Listen to this post

The Wyoming Supreme Court began the year 2026 with a landmark decision in State v. Johnson, 2026 WY 1, delivering a ruling with implications that extend far beyond its immediate outcome. While headlines will focus on the Court’s decision to strike down Wyoming’s comprehensive abortion restrictions—the Life is a Human Right Act (“Life Act”)[1] and the Medication Ban[2]—as unconstitutional, the true significance lies elsewhere. The Court held that Wyoming’s constitutional amendment guaranteeing adults the right to make their own healthcare decisions is a fundamental right protected by the highest level of judicial scrutiny.

This holding may ultimately have more far-reaching consequences, setting the stage for future challenges to a wide range of healthcare regulations across Wyoming.

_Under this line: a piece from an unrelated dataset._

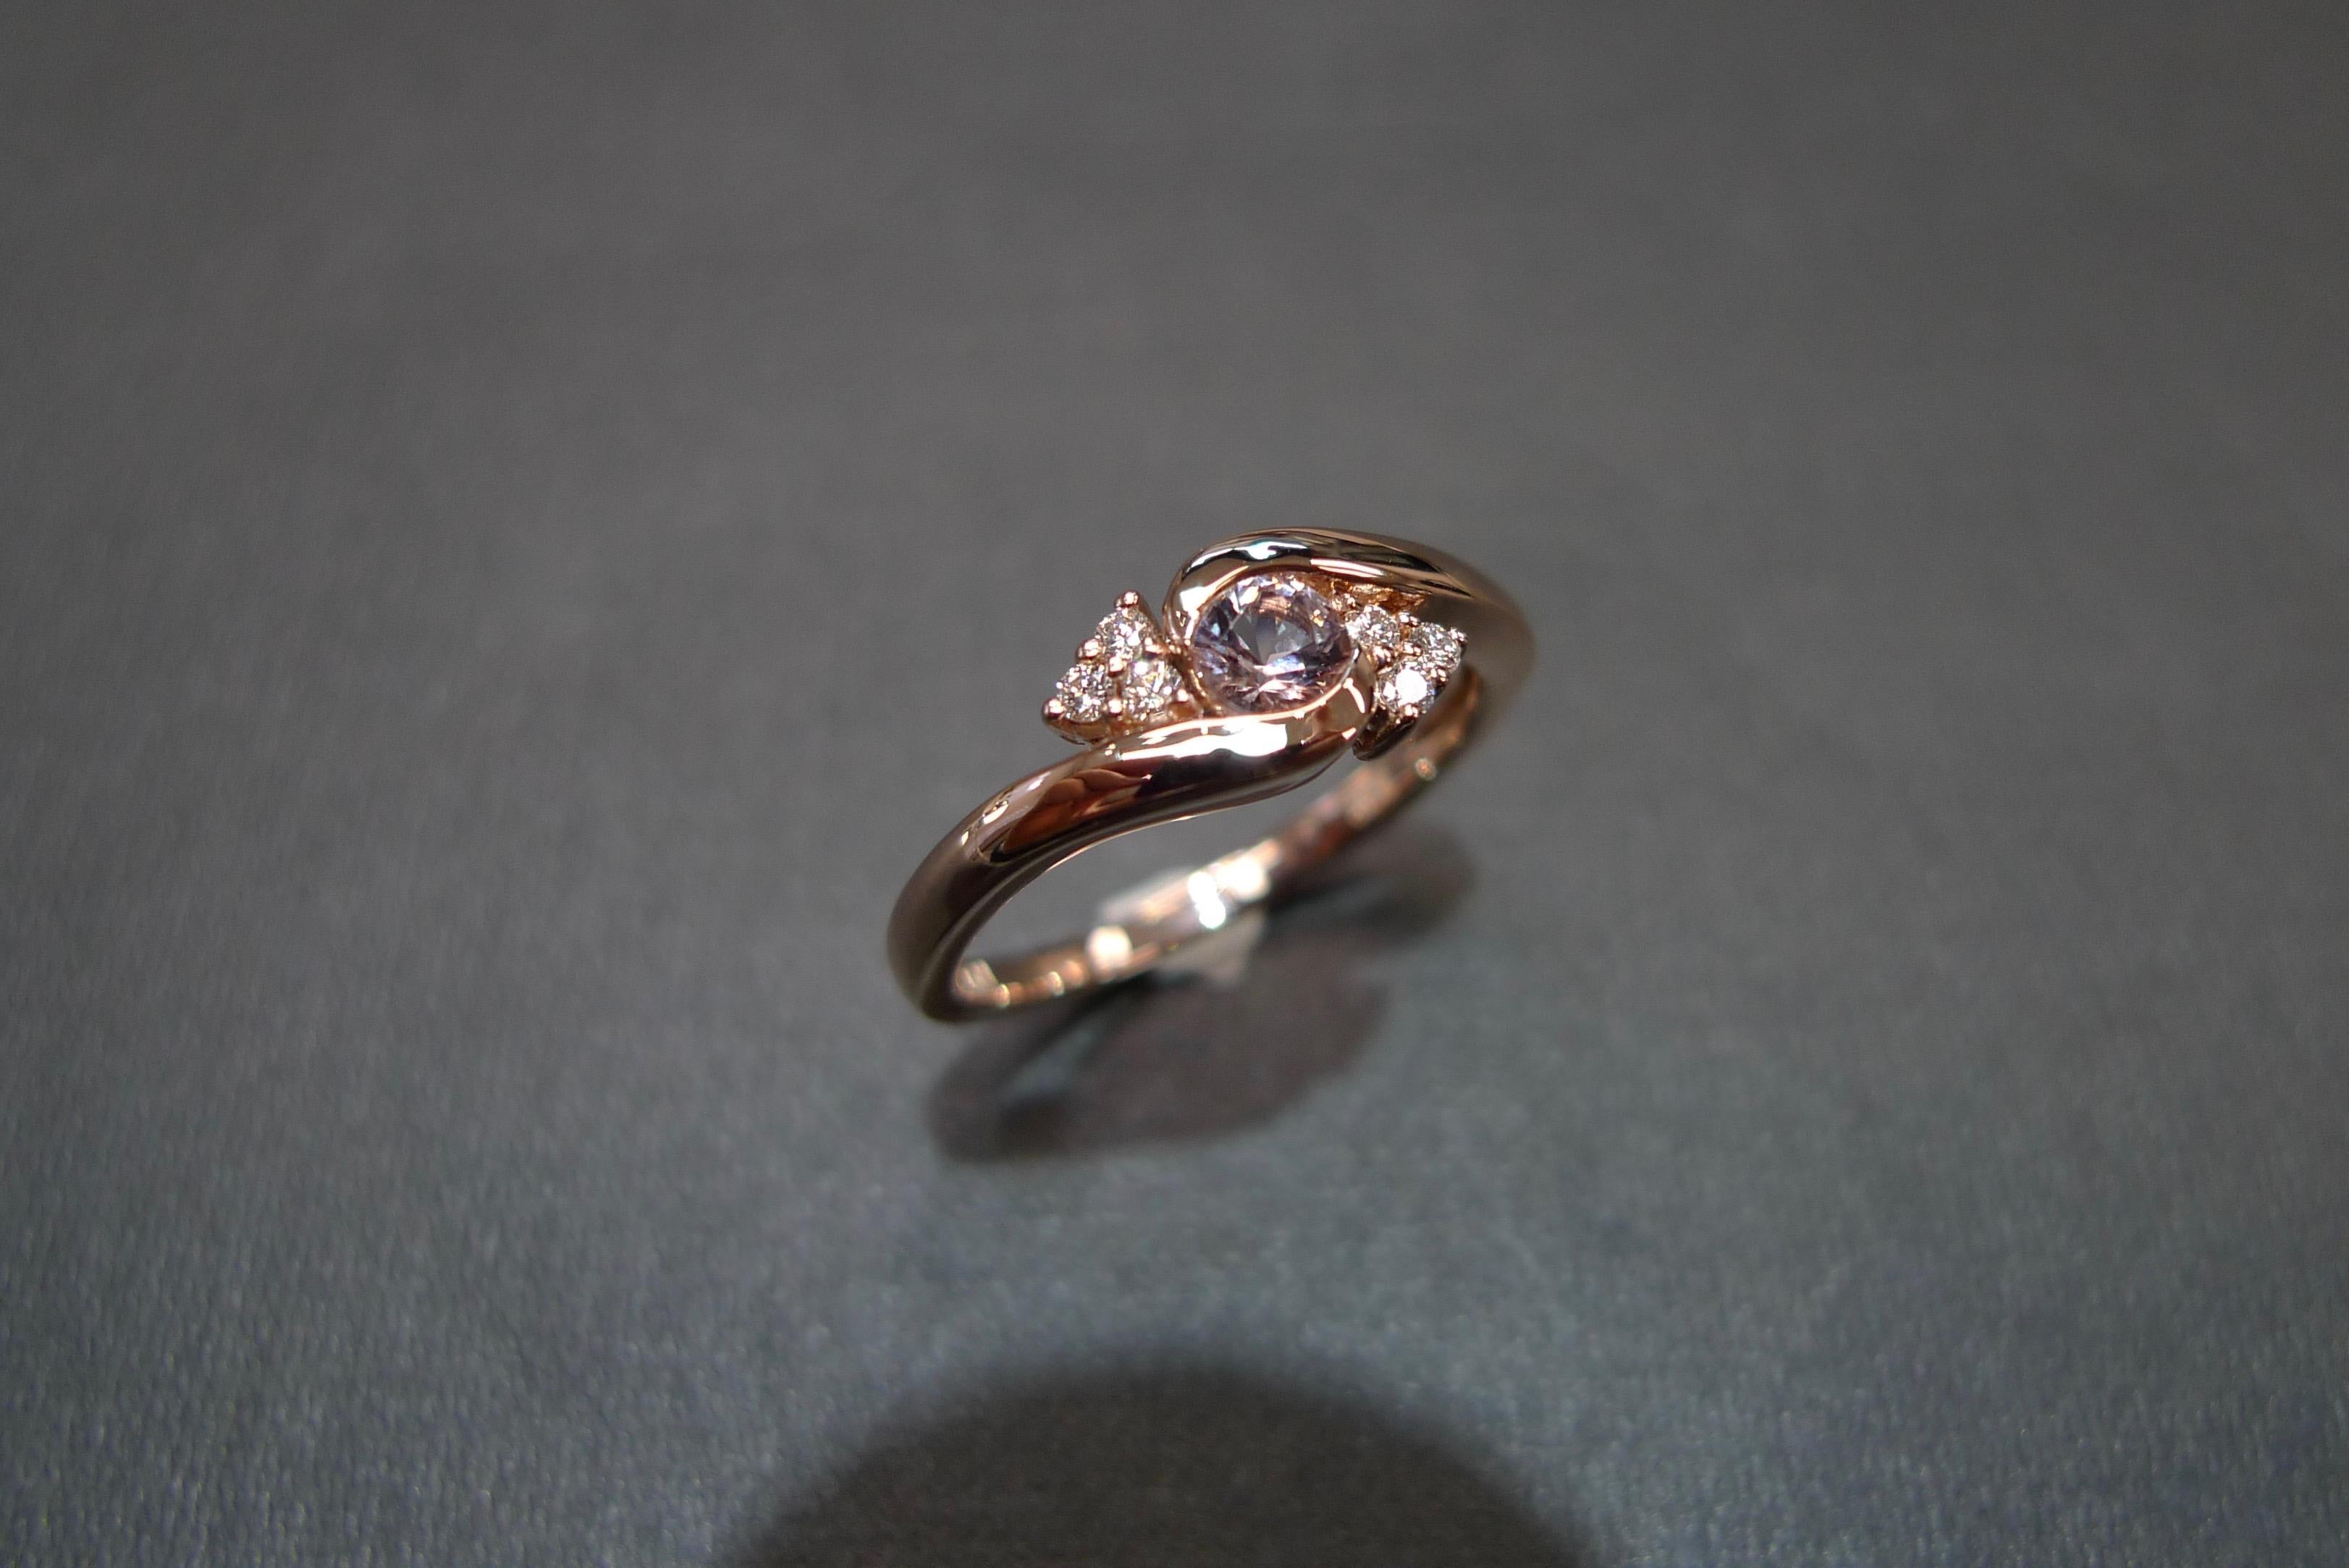 For Sale:  Morganite and Diamonds Twist Tension Ring in 14K Rose Gold 7

Much of the Court’s decision is devoted to constitutional analysis, in which the court finds that Art. 1, §38 of Wyoming’s constitution, guaranteeing competent adults the right to make their own health care decisions “subject to reasonable and necessary restrictions”, is a fundamental right. As a result, the Court then held that any governmental restriction, such as those presented by the Life Act and the Medication Ban, is subject to “strict scrutiny,” the highest level of judicial review. Under this standard, the State bears the burden of proving not only a compelling governmental interest, but also that the law is necessary and narrowly tailored to achieve that interest, using the least restrictive means available. The Court emphasized that the State “may not simply declare an interest as compelling,” but must provide concrete evidence and legislative facts to justify its position, requirements the Life Act and Medication Ban failed to meet.

However, while the Court’s finding that these specific laws are unconstitutional is important,[3] its recognition that the constitutional right to make healthcare decisions is a fundamental right is even more significant. This right is subject to the highest level of protection and could have greater long-term impact.

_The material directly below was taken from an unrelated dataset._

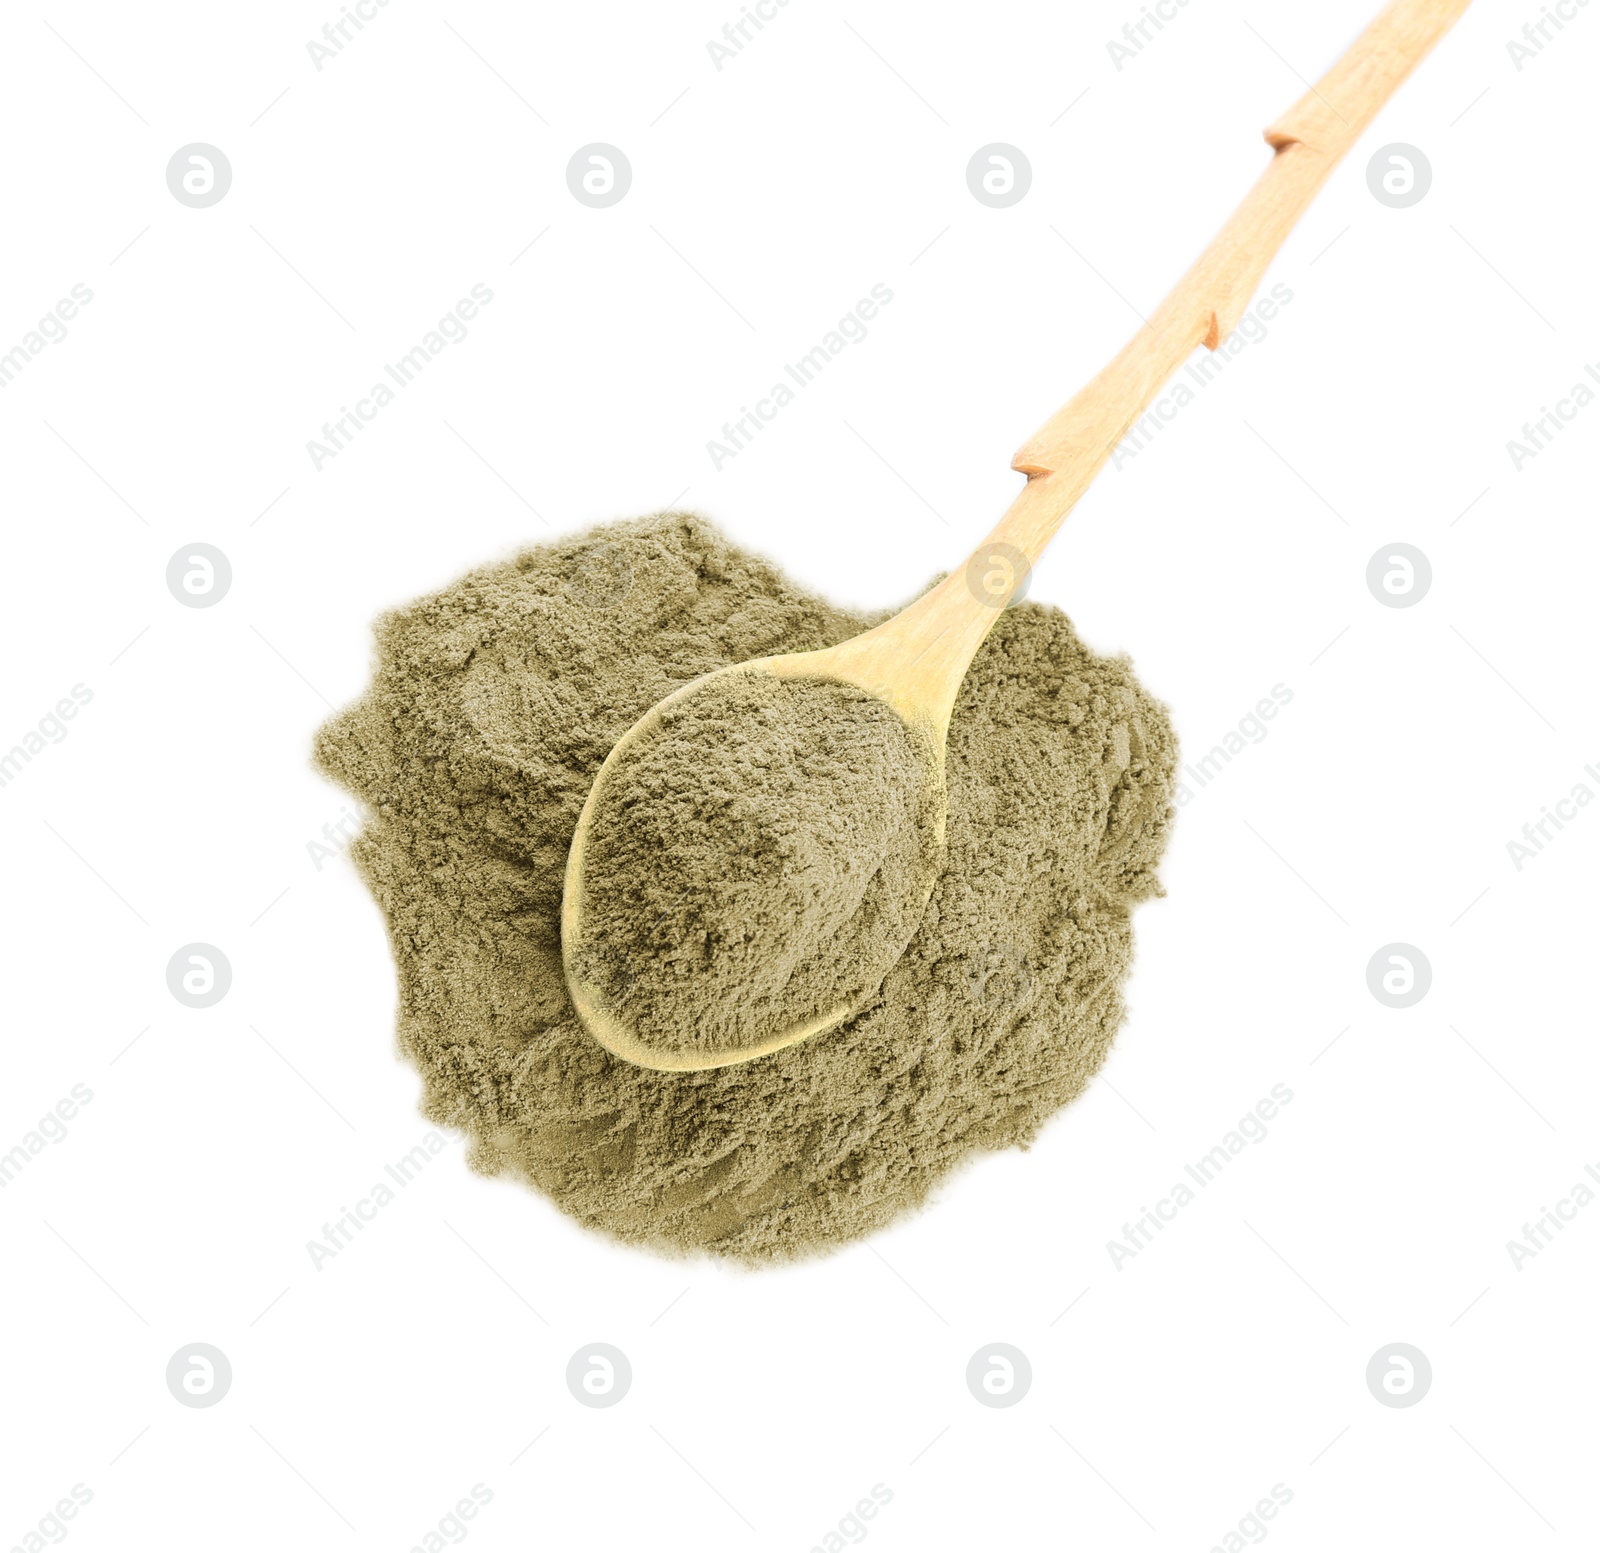 Photo of Hemp protein powder and spoon on white background, top view

As the Court’s majority opinion admits, “medical and health care is highly regulated in Wyoming, which means there are many statutes subjected to Article 1, §38’s protection of an individual’s right to make his or her own health care decisions.”  However, as Justice Gray’s dissent points out, few of the statutes regulating health care in Wyoming have been subject to constitutional scrutiny, let alone the highest level of constitutional analysis. While the Court’s majority opinion rightly states that this issue is one for another day, Justice Gray’s dissent lists numerous healthcare statutes and regulations that may now be subject to constitutional challenge, including mandatory vaccination requirements, disease reporting, controlled substance prescribing limits, and involuntary mental health commitment statutes – none of which have previously been subject to strict scrutiny. 

Whether the Court’s decision in Johnson v. State leads to the “unintended consequence” of an increase in litigation over the constitutionality of healthcare statutes, as the Court puts it, remains to be seen. Several healthcare statutes flagged by Justice Gray as being on ‘constitutional life support’ could still withstand judicial scrutiny. Nonetheless, Wyoming’s Legislature would be well served to heed the Court’s footnoted admonition the next time it considers proposing constitutional amendments or enacting new healthcare regulations:

It should come as no surprise that one of the consequences of amending the constitution to create a new individual right will be additional legal challenges. This is a reason amendment of the constitution should be pursued with caution and sufficient forethought.


[1] Wyo. Stat. Ann. §§ 35-6-120 to 35-6-138.

[2] Wyo. Stat. Ann. § 35-6-139.

[3] There are numerous other interesting aspects of the Court’s opinion, including its frequent mentions of “fetal life,” and its definition of “health” as “the condition of being sound in body, mind, and spirit”.  However, discussion of these issues, and their impact on Wyoming’s healthcare legal framework, will have to wait.